Refer section (a) and write the formula for the ration of the reduced mass of proton.

    ${\mu }_H=\frac{m_e{m}_P}{m_e+m_P}$                                                                                                    (III)

Here, ${\mu }_H$ is the reduced mass of hydrogen 1, $m_e$ is the mass of electron, and $m_P$ is the mass of proton nucleus.

Write the formula for the reduced mass of the deuterium atom.

    ${\mu }_{\text{D}}=\frac{m_e{m}_{\text{D}}}{m_e+m_{\text{D}}}$                                                                                                   (IV)

Here, ${\mu }_{\text{D}}$ is the reduced mass of deuterium, and $m_D$ is the mass of deuterium nucleus.

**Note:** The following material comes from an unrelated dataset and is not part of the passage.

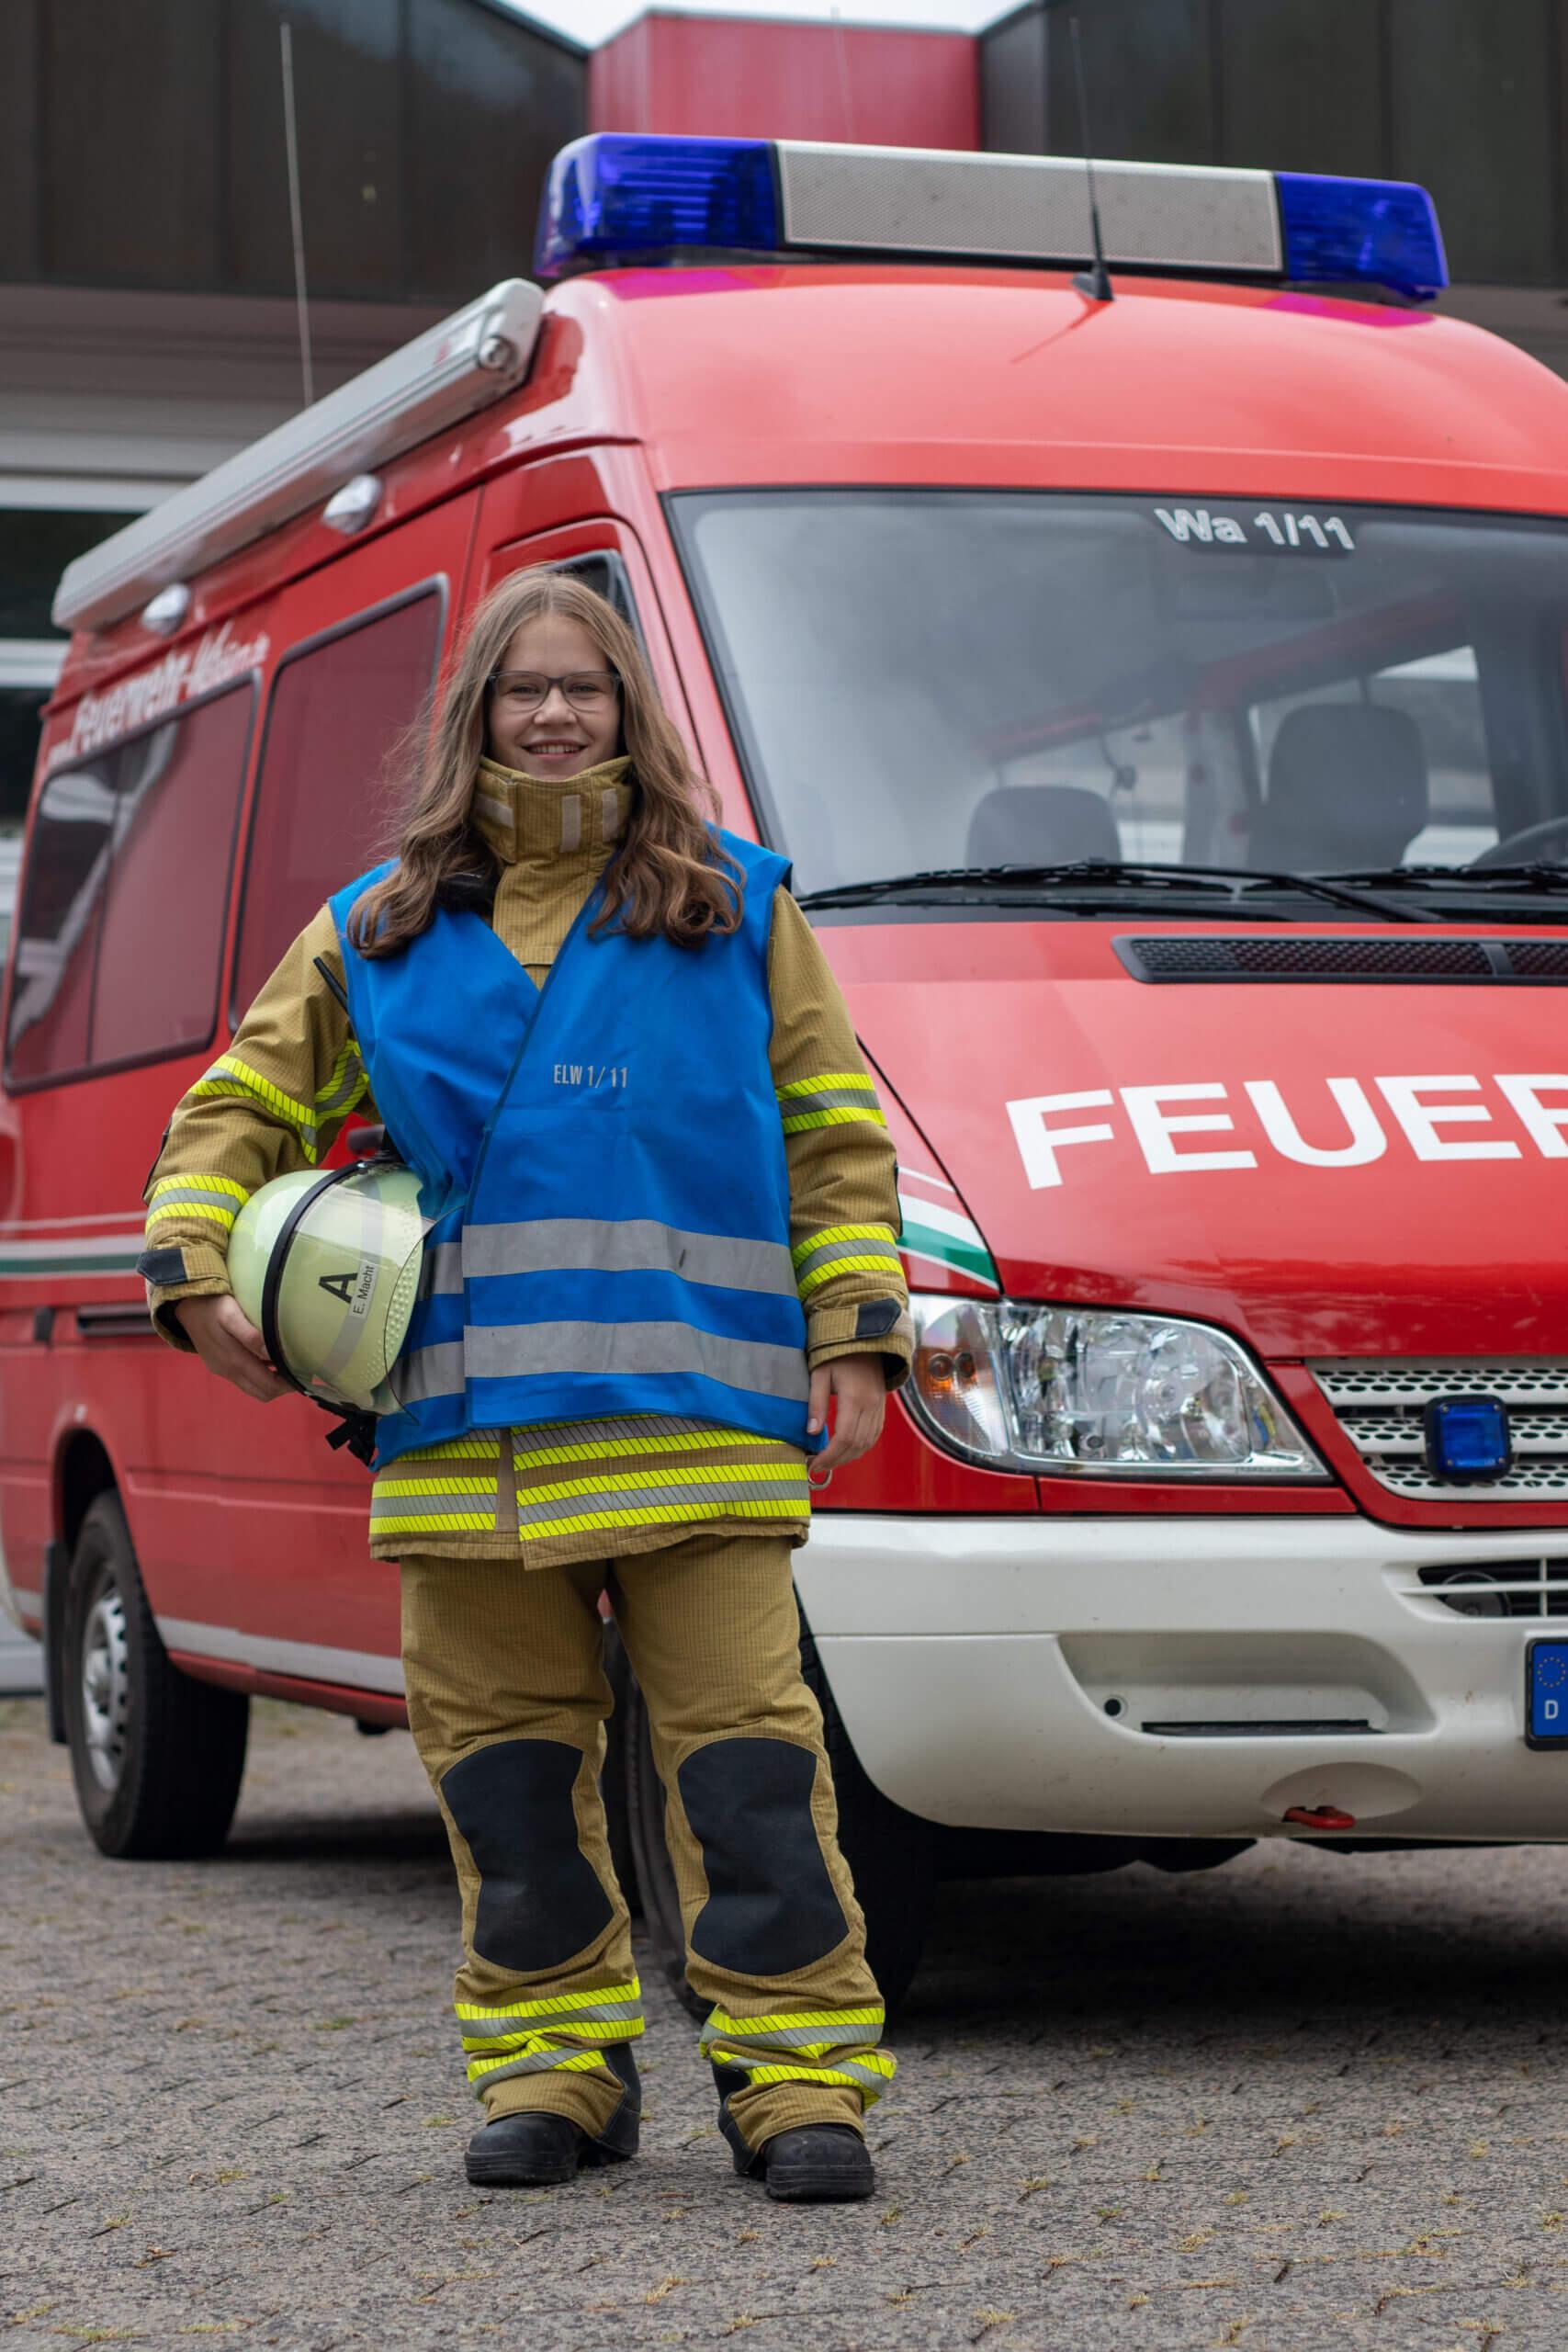 Feuerwehrfrau mit einer blauen Funktionswesten vor dem Einsatzleitwagen.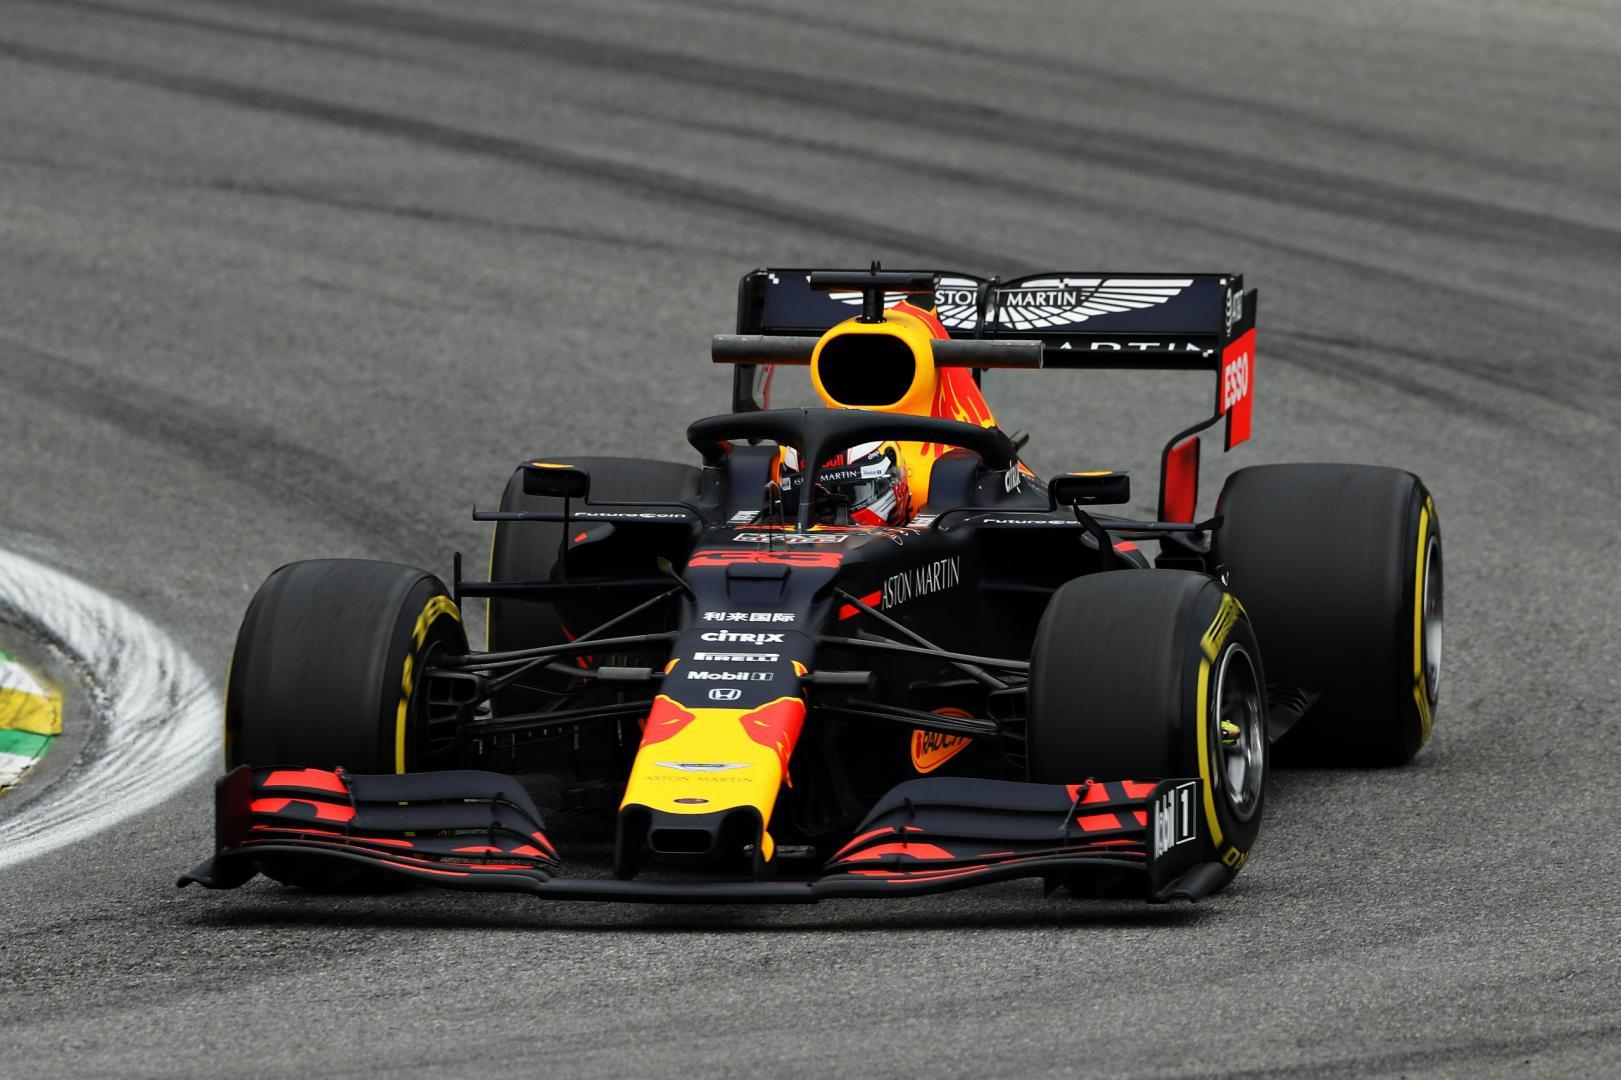 Max Verstappen Gp van Brazilië 2019 dichtbij in bocht

Write the formula for the ration of reduced mass of proton and deuterium.

    $\frac{{\mu }_{\text{H}}}{{\mu }_{\text{D}}}=\left(\frac{m_e{m}_p}{m_e+m_p}\right)\left(\frac{m_e+m_{\text{D}}}{m_e{m}_{\text{D}}}\right)$                                                                           (V)

Write the formula for the difference in wavelength of proton and deuterium.

    ${\lambda }_{\text{H}}-{\lambda }_{\text{D}}=\left(1-\frac{{\mu }_{\text{H}}}{{\mu }_{\text{D}}}\right){\lambda }_{\text{H}}$                                                                                    (VI)

Conclusion:

Substitute $1.007276\text{u}$ for $m_p$, $0.000549\text{u}$ for $m_e$, $2.013553\text{u}$ for $m_D$ in equation (V).

    $\begin{array}{c}\frac{{\mu }_{\text{H}}}{{\mu }_{\text{D}}}=\frac{\left(1.007276\text{u}\right)\left(0.000549\text{u}+2.013553\text{u}\right)}{\left(0.000549\text{u}+1.007276\text{u}\right)\left(2.013553\text{u}\right)}\\ =0.999728\end{array}$

Substitute $0.999728$ for ${\mu }_H/{\mu }_D$, $656.3\text{nm}$ for ${\lambda }_H$ in equation (VI).

    $\begin{array}{c}{\lambda }_{\text{H}}-{\lambda }_{\text{D}}=\left(1-0.999728\right)\left(656.3\text{nm}\right)\\ =0.179\text{nm}\end{array}$

The wavelength difference for the Balmer alpha line of hydrogen emitted from a transition from $n=3$ to $n=4$ is $0.179\text{nm}$.